= Olympic record progression track cycling – Men's team pursuit =

This is an overview of the progression of the Olympic track cycling record of the men's 4000 m team pursuit, as recognised by the Union Cycliste Internationale (UCI).

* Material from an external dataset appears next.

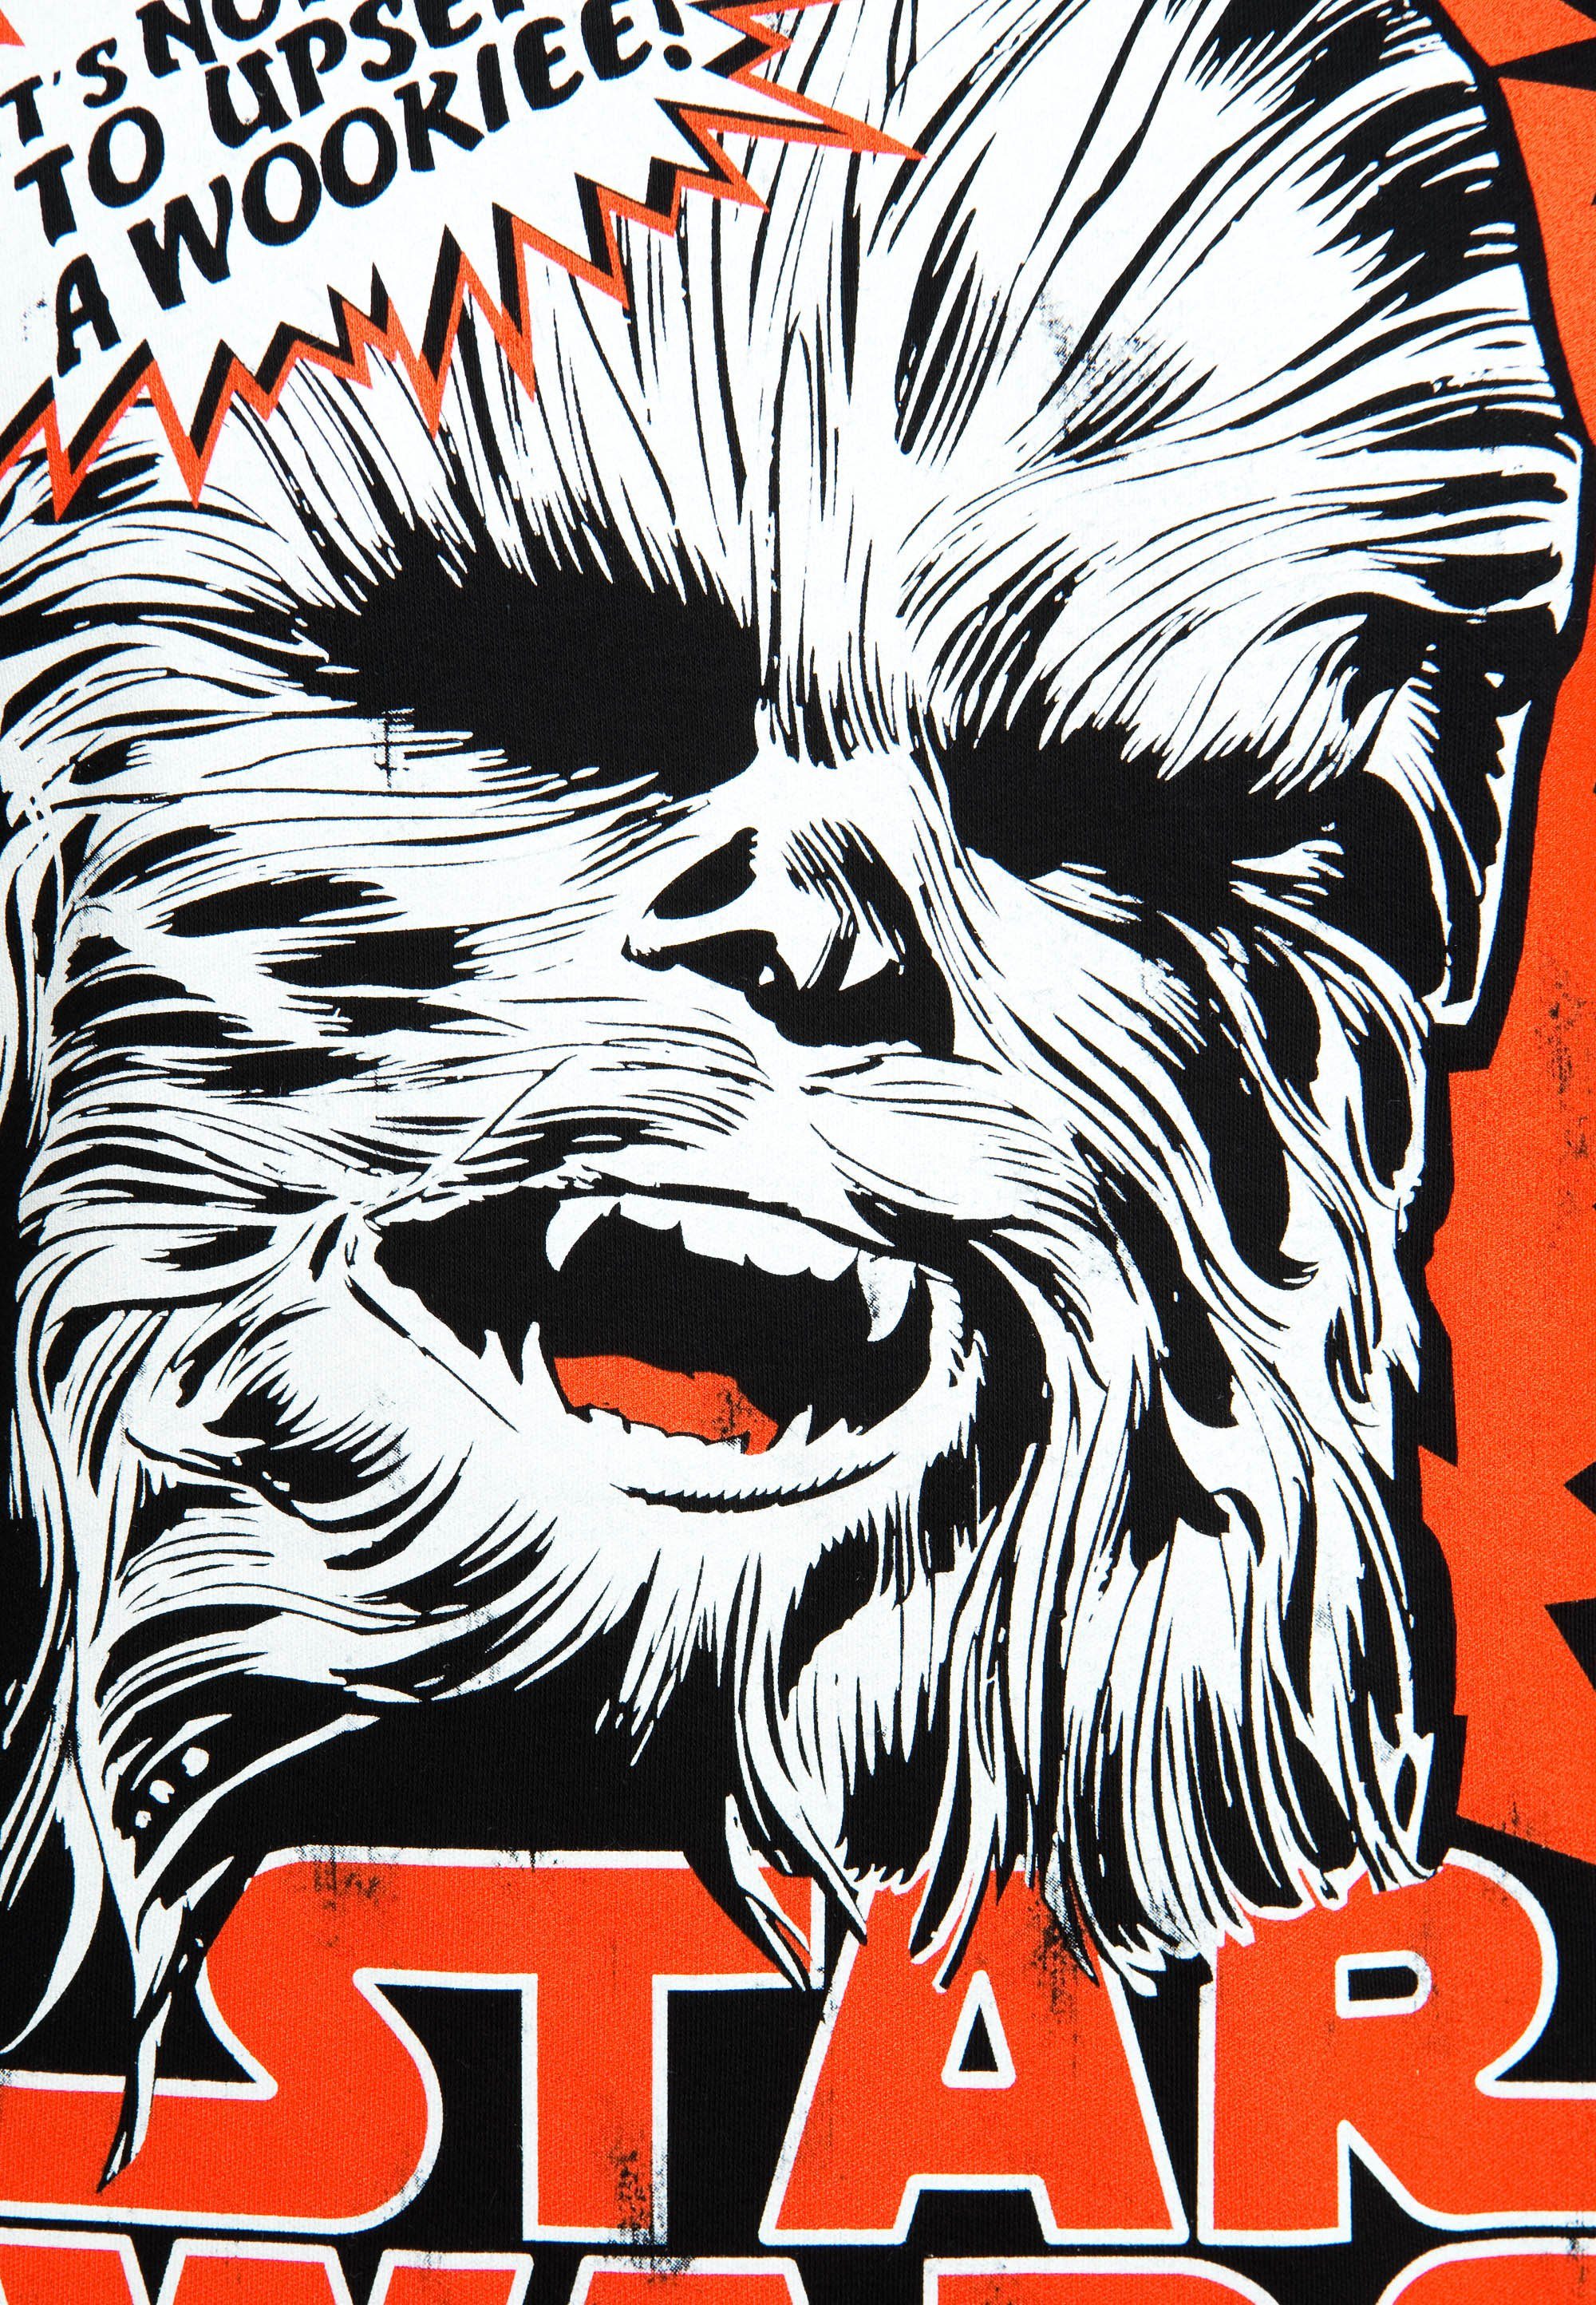 coolem Wookie-Print mit LOGOSHIRT T-Shirt Chewbacca

The men's team pursuit was introduced at the 1908 Summer Olympics and with the 4000 m distance at the 1920 Summer Olympics. Strangely the UCI list the first Olympic record as of 1992 although the event has already been contested at several Olympic Games before.

==Progression==
♦ denotes a performance that is also a current world record. Statistics are correct as of the 6th of August 2024.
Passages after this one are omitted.